**EXERCISE INSTRUCTIONS**: With the pictures left out, set down the line containing "La quinta jornada" and each line after it to the end of the material, exactly as written.

**GIVEN INFORMATION**:

============================================================

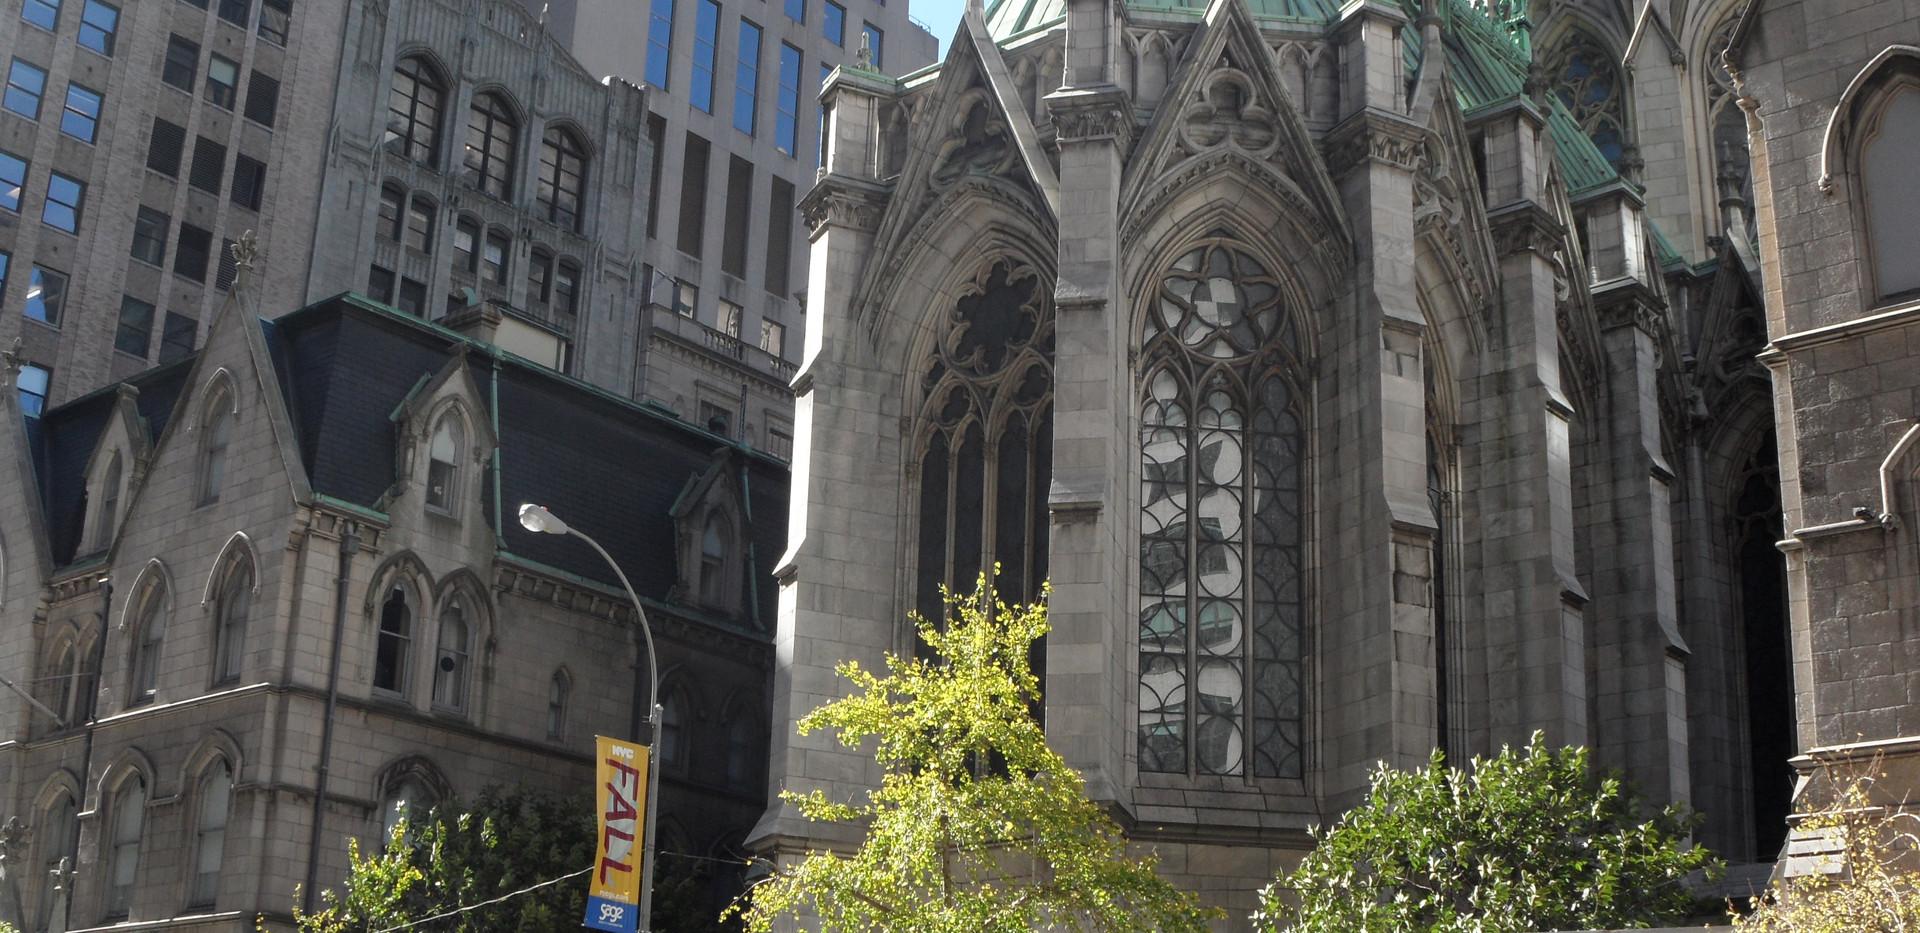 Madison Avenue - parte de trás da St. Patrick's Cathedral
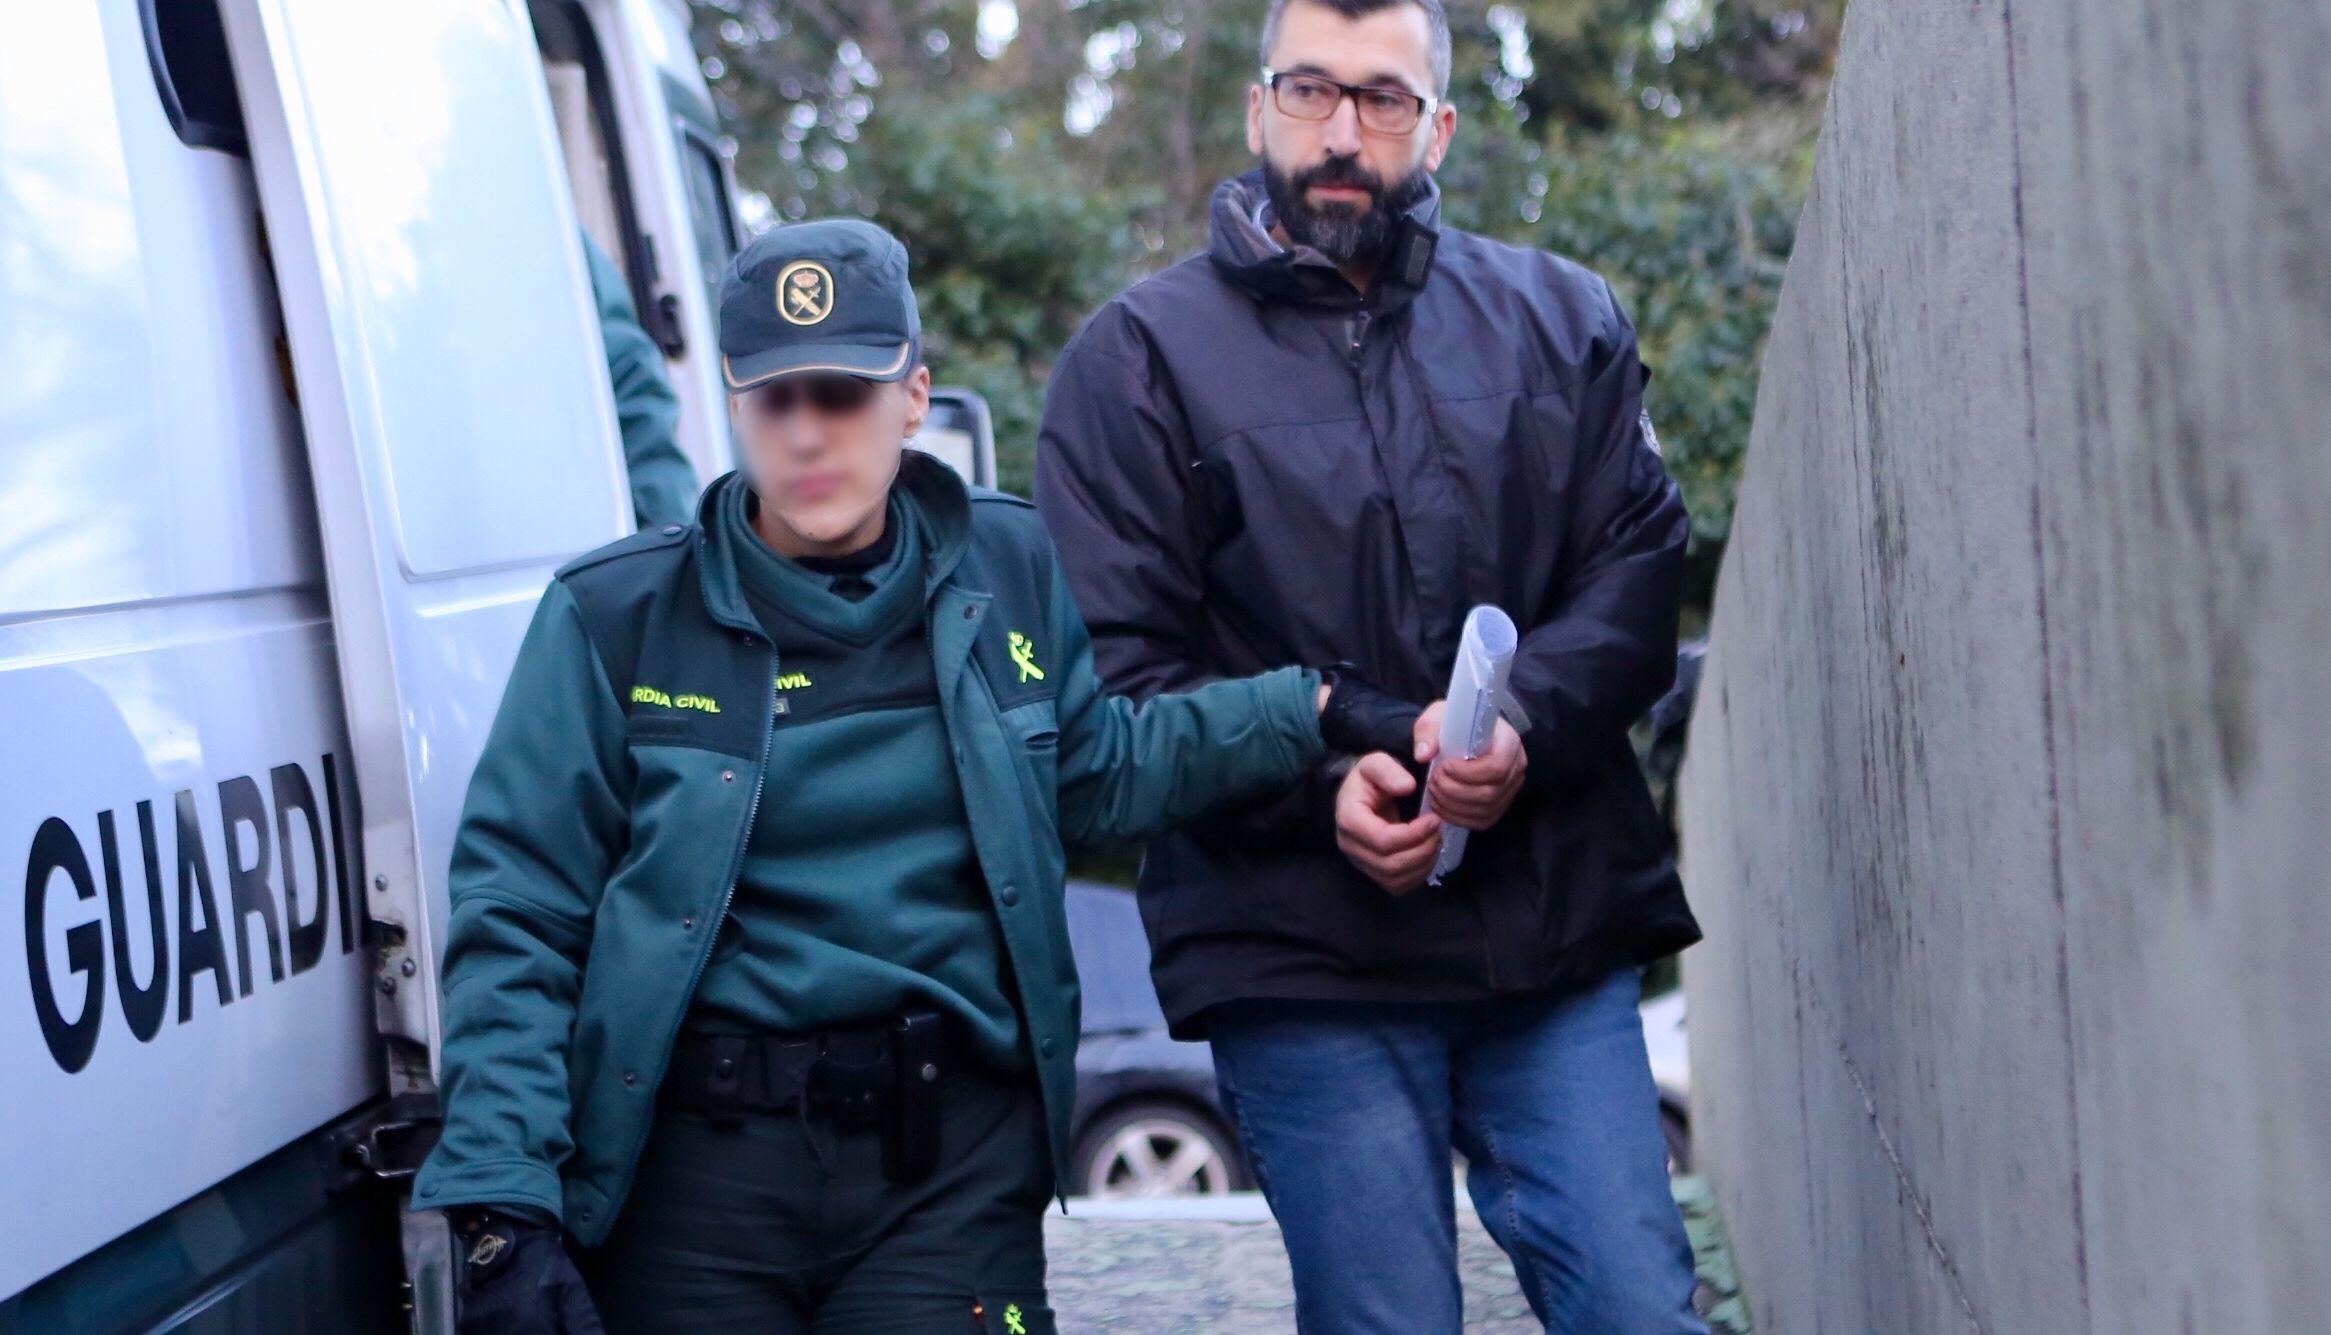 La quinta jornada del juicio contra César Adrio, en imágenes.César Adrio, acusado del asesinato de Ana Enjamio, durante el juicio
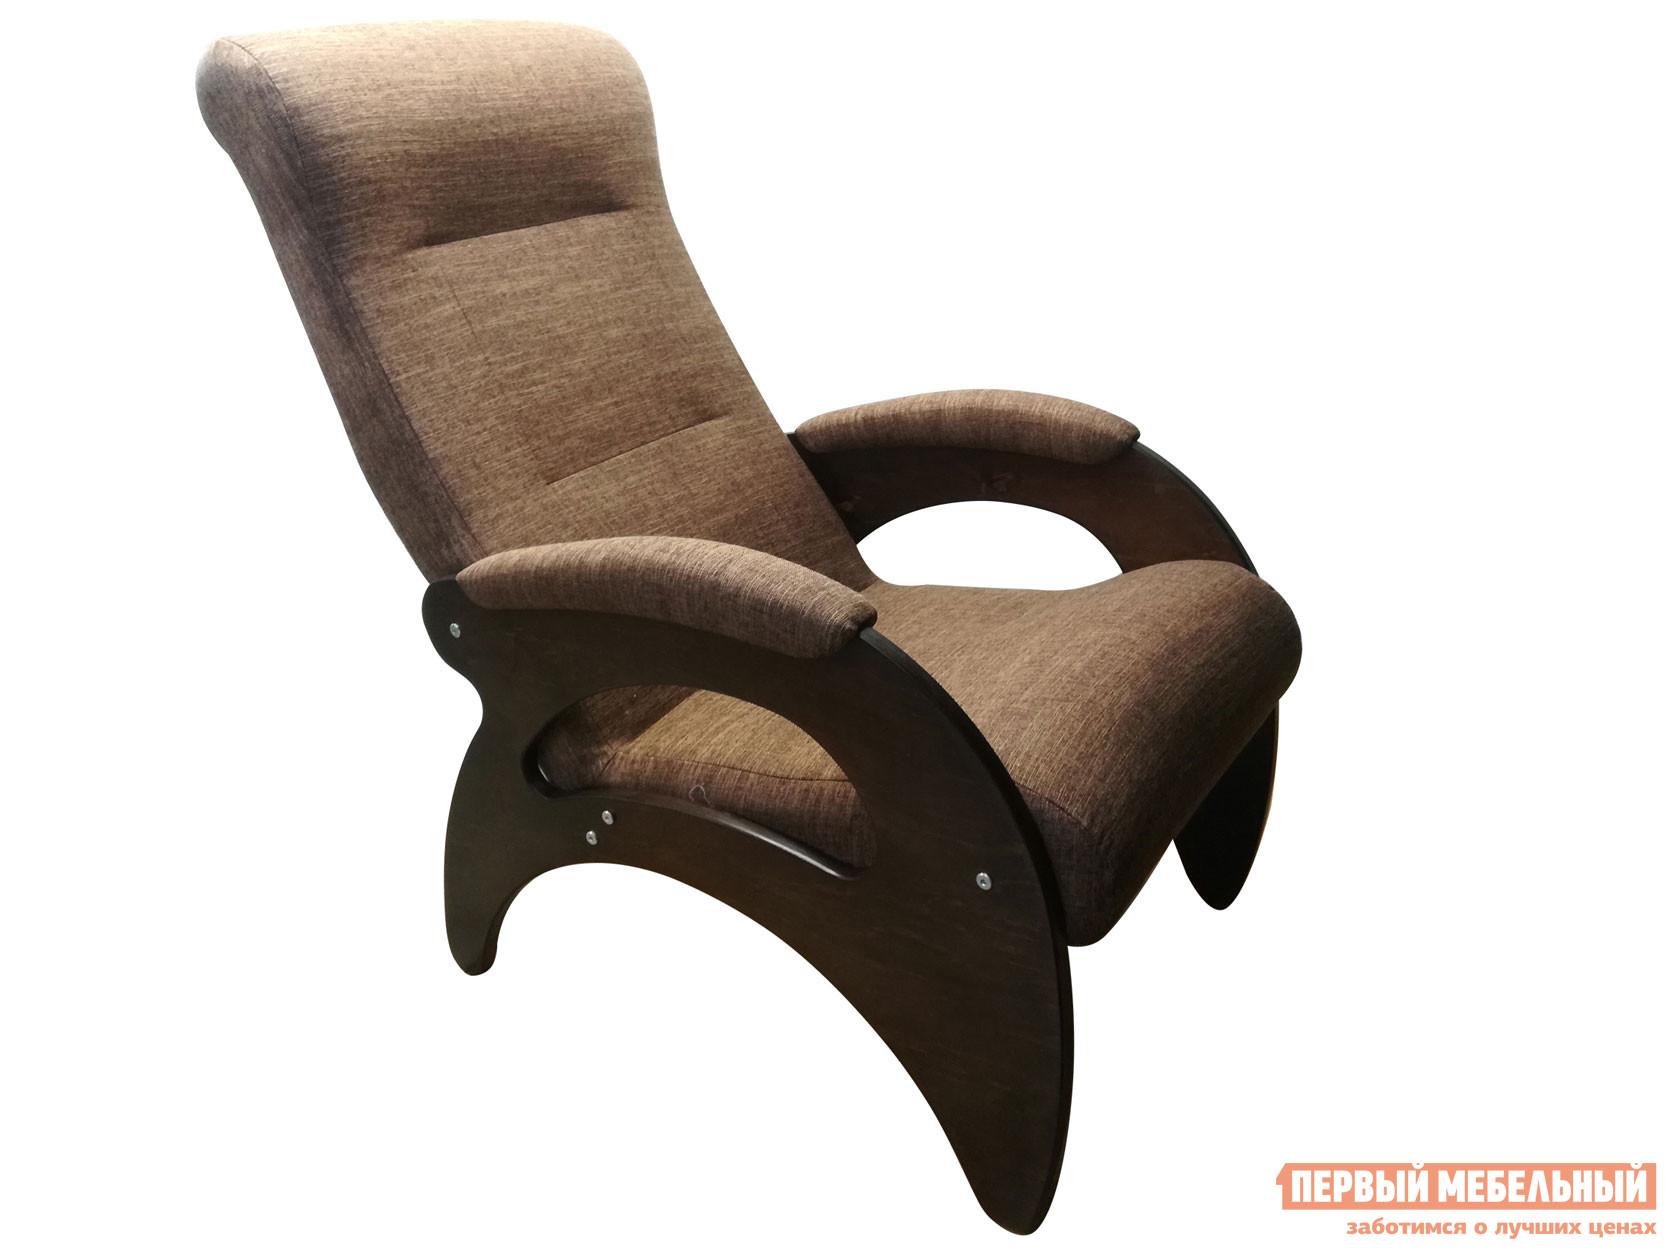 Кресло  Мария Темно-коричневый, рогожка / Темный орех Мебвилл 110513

============================================================

**EXERCISE ANSWER**:
 La quinta jornada del juicio contra César Adrio, en imágenes.César Adrio, acusado del asesinato de Ana Enjamio, durante el juicio
 Кресло  Мария Темно-коричневый, рогожка / Темный орех Мебвилл 110513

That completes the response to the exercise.